Kensei (剣聖) is a Japanese honorary title given to a master swordsman of the very greatest level of skill. The literal translation of kensei is "sword saint". This suggests a higher degree of perfection (possibly also encompassing a moral dimension) than the more commonly used kengo (剣豪) or "sword master". This is distinct from the word kenshi (剣士), meaning swordsman.

== Famous kensei ==

- Tsukahara Bokuden 塚原 卜伝 (1489 – 6 March 1571), father and sword instructor of Shōgun Ashikaga Yoshiteru.
- Kamiizumi Isenokami Nobutsuna 上泉 伊勢守 信綱 (c.1508 – 1572/1577), central figure in the development of kenjutsu and founder of the Shinkage-ryu school of combat.

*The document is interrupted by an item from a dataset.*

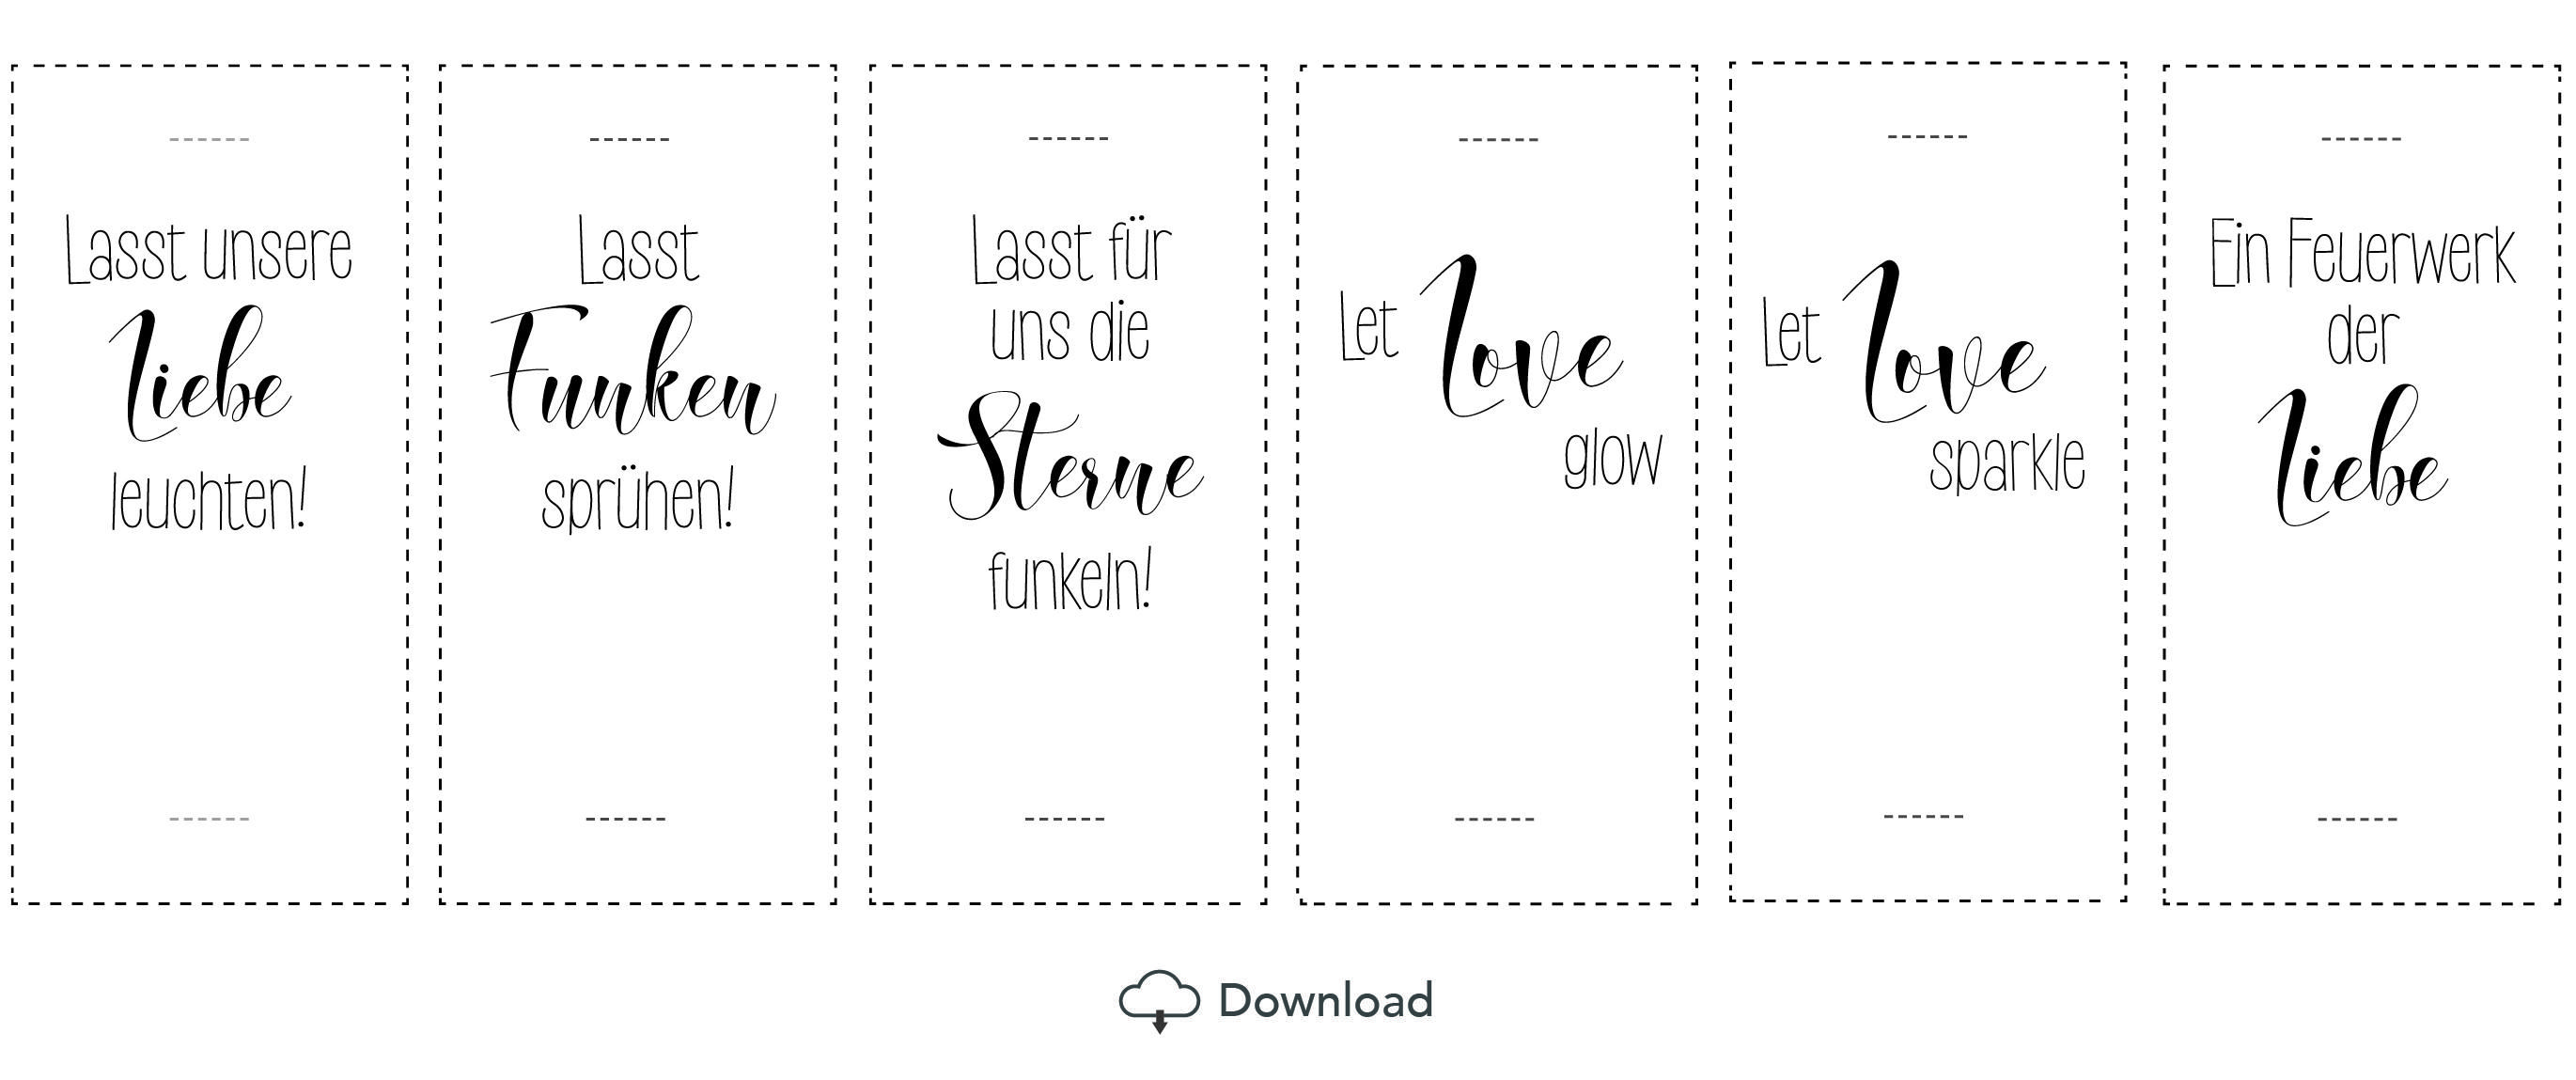 Freebies Kostenlose Vorlagen Und Downloads Fur Euch Wunderkerzen Hochzeit Hochzeit Freebies Hochzeitscheckliste

- Miyamoto Musashi 宮本 武蔵 (c. 1584 – 13 June 1645), one of the most famous swordmasters to have received the title.
- Shūsaku Narimasa Chiba 千葉 周作 成政 (1792 – 17 January 1855), one of the last masters who was called a kensei.
- Otani Nobutomo 男谷 信友 (1798–1864), a master of the Kashima Shinden Jikishinkage-ryū of kenjutsu, a commissioner of the Kōbusho military academy.